Wildermiss played a day of micro concerts to break the monotony and their live-show dry spell

The local band played 13 shows on the back of a flatbed trailer.

Wildermiss plays a two-song show for Lucy Kiefer at her home in Virginia Village. May 15, 2020. (Kevin J. Beaty/Denverite)

Wildermiss plays a two-song show for Lucy Kiefer at her home in Virginia Village. May 15, 2020. (Kevin J. Beaty/Denverite)

KEVIN-lighter

Update: Wildermiss is offering more pop-up show dates. More info at their website.

Lucy Kiefer is 14 and loves Wildermiss, the local pop-rock quartet. She and her dad, Bruce, went to see them play the Bluebird recently for an album release show. Sharing music is one way her dad like to keeps her close.

So when Kiefer saw on Instagram that the band would come play a show outside her Virginia Village home, she thought to herself: “Oh my God!”

She sent the sign-up form to her dad, who payed for two live songs at $50 apiece. A flatbed trailer, with a drum set and guitar pedals drilled into the wood, pulled up at 1 p.m. on Friday afternoon. The members of Wildermiss jumped out of a following van and quickly set up shop in the street. It was perfect timing. Kiefer was still telecommuting to school, but she was on a break until class resumed at 2:30.

“This is a moment in history right now,” singer Emma Cole said at the mic. Then, they shredded.

Wildermiss plays a two-song show for Lucy Kiefer at her home in Virginia Village. May 15, 2020. (Kevin J. Beaty/Denverite)

Wildermiss plays a two-song show for Lucy Kiefer at her home in Virginia Village. May 15, 2020. (Kevin J. Beaty/Denverite)

One of Kiefer’s friends arrived to watch with her. Neighbors appeared on the sidewalk and watched the spectacle.

“That was super-awesome,” Kiefer said when her personalized concert ended. It helped break the boredom that’s set in with social isolation.

Then, Wildermiss packed up and quickly shuffled the show to their next location. In all, they planned to cover 13 locations around the metro.

Cole said the band thought of the mobile concert idea, but she gave most credit to the band’s manager, Nate Meese. It was an occasion to celebrate a new single and to engage their fans in an interesting way, but it was also an effort to keep their livelihood going during the pandemic. They had a summer of tour stops scheduled before COVID-19 changed everything.

“We’ve had to cancel 30 shows,” Meese said. “Everyone’s having a really hard time.”

Wildermiss frontwoman Emma Cole sings during a two-song show for Lucy Kiefer at her home in Virginia Village. May 15, 2020. (Kevin J. Beaty/Denverite)

Wildermiss frontwoman Emma Cole sings during a two-song show for Lucy Kiefer at her home in Virginia Village. May 15, 2020. (Kevin J. Beaty/Denverite)

Wildermiss' flatbed concert trailer drives across Evans Avenue. May 15, 2020. (Kevin J. Beaty/Denverite)

Wildermiss' flatbed concert trailer drives across Evans Avenue. May 15, 2020. (Kevin J. Beaty/Denverite)

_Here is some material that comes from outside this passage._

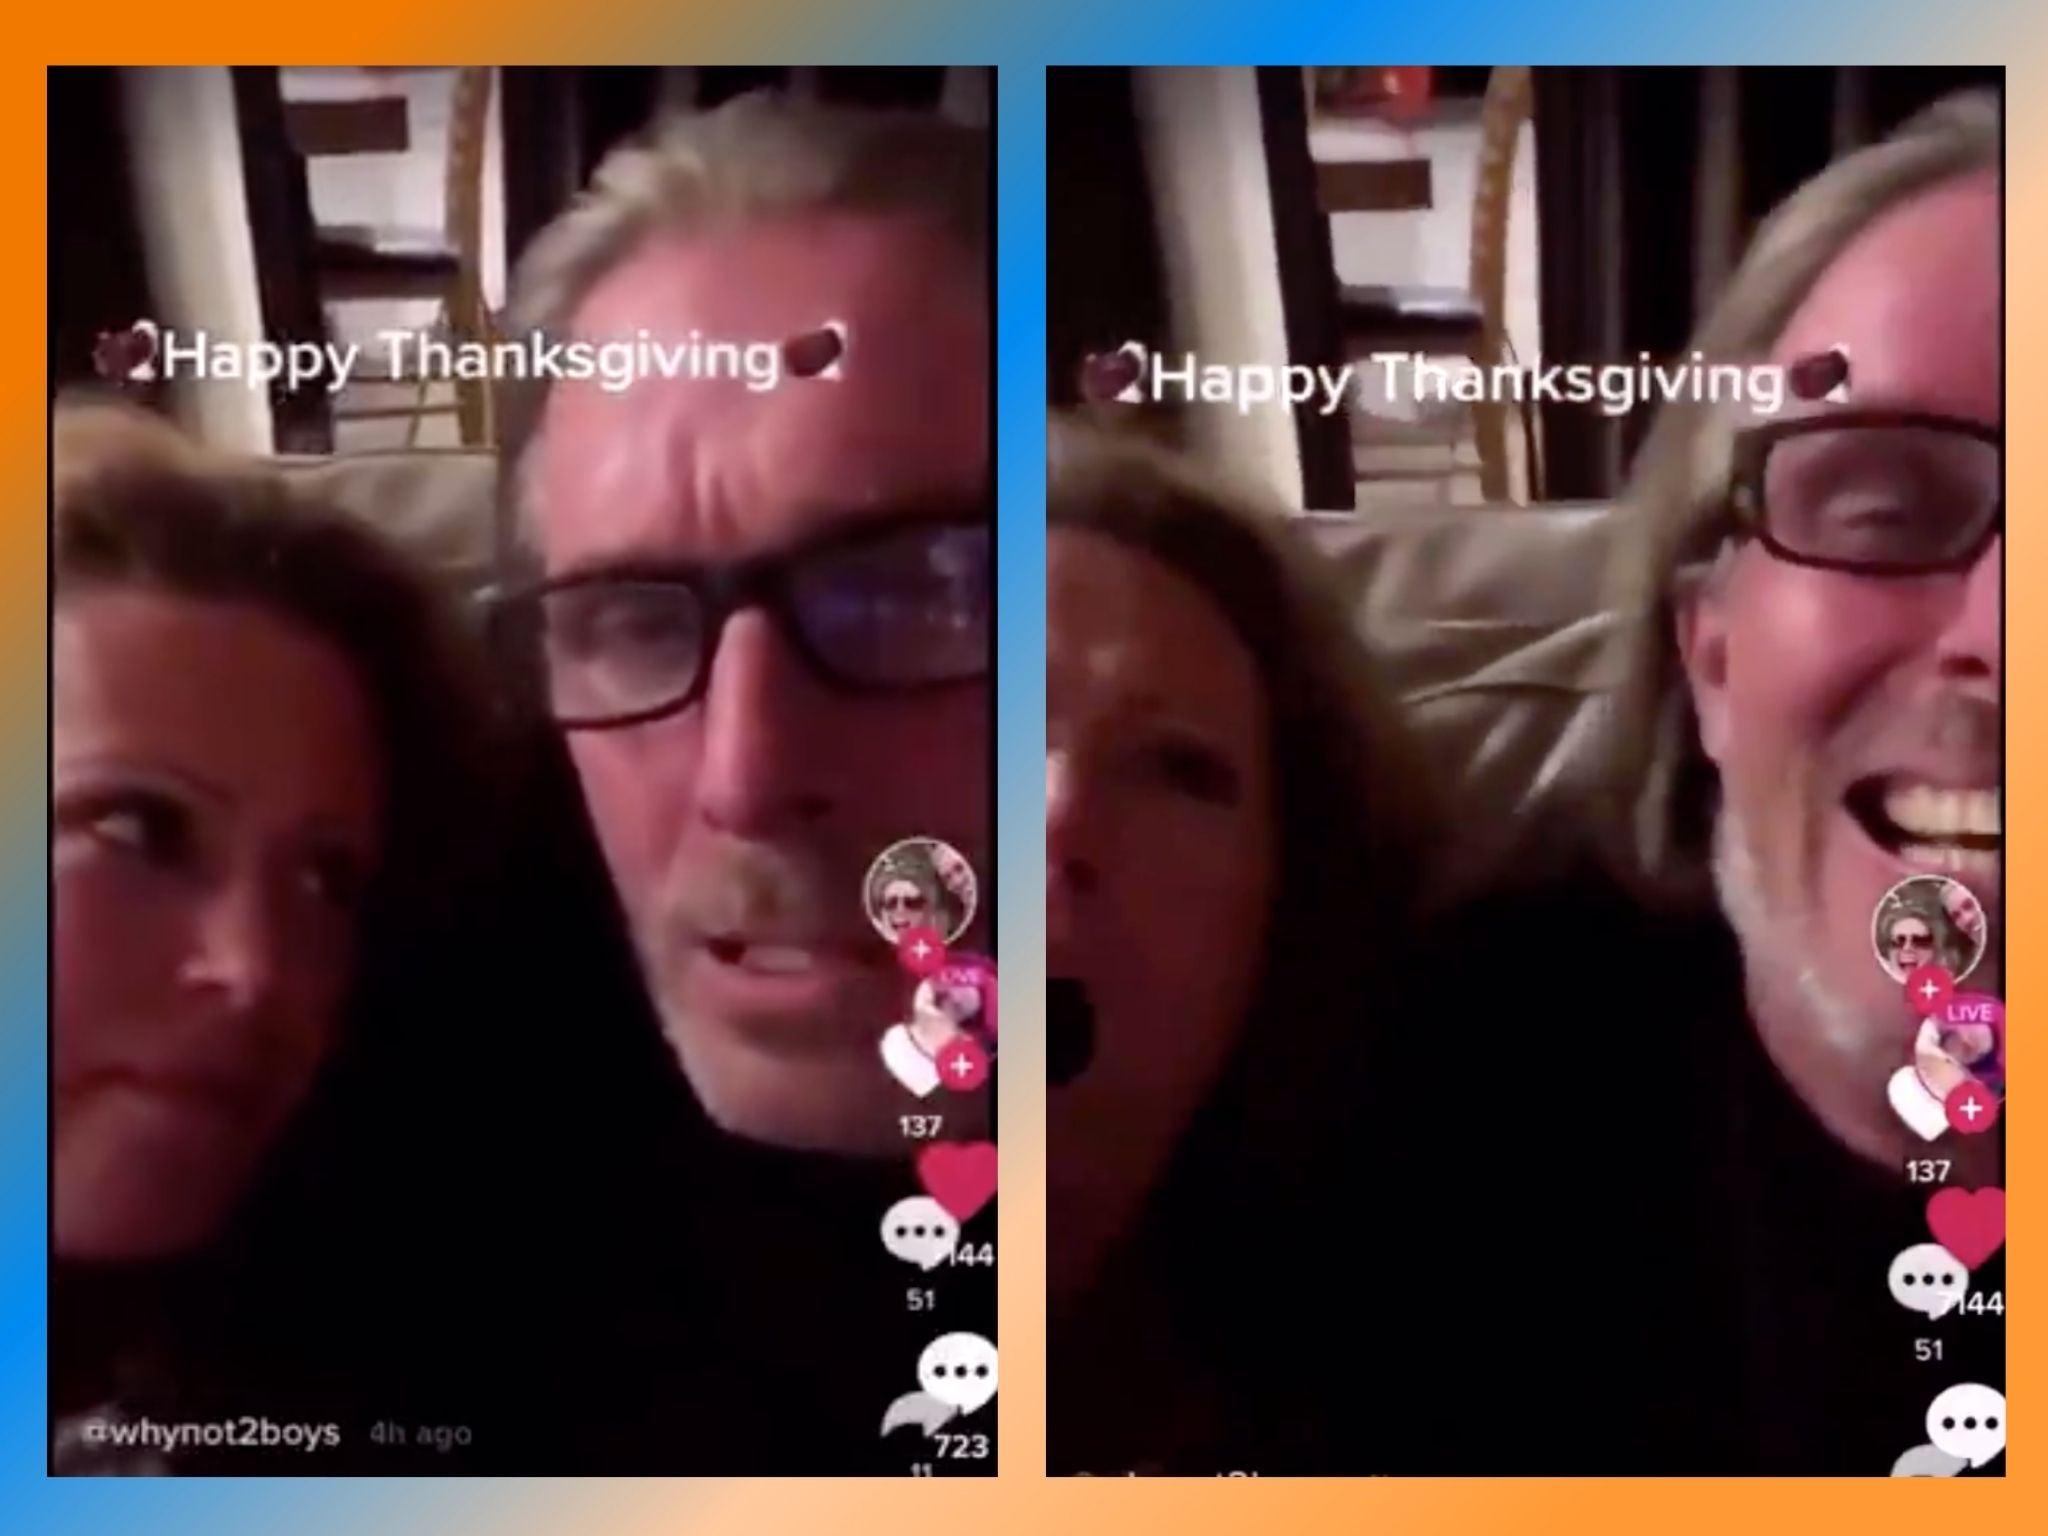 American couple posts 'sickening' video of racist 'joke' about 'Black people'

Most industries that rely on disposable income and public gatherings are bracing for a tough summer, regardless of government restrictions that have begun to ease. Denver has already seen at least one venue close due to the pandemic.

Wildermiss’ quick pivot has given fans good reason to pitch in. They’ve also raised more than $3,000 on a GoFundMe page to make ends meet.

“It’s our main income right now,” Cole said as she rushed to set up the second act of the day. “This is a really cool, easy way to make up some of that money — and make it community-oriented and fun.”

Their second audience was a yard near Washington Park that was full of kids playing as their parents sat, socially distanced, by the sidewalk.

Kids play at Jessica and Jason Dewees' home as Wildermiss rocks out in the street. May 15, 2020. (Kevin J. Beaty/Denverite)

Kids play at Jessica and Jason Dewees' home as Wildermiss rocks out in the street. May 15, 2020. (Kevin J. Beaty/Denverite)

Yesterday was Jessica Dewees’ birthday. Her husband, Jason, wanted to do something special.

Rather than buy his wife “another pair of shoes,” he said he liked that this was a unique way to brighten up the neighborhood for a little while. Neither Dewees knew much about Wildermiss, but it seemed like fun. Plus, he said, he was happy to support local artists.

“There’s so few things to do that are experiential these days,” he said. “It was a wonderful surprise.”

When they finished their three-song set, Wildermiss threw in an extra tune for free. They led the neighbors in a round of “Happy Birthday,” then packed up to make their next gig.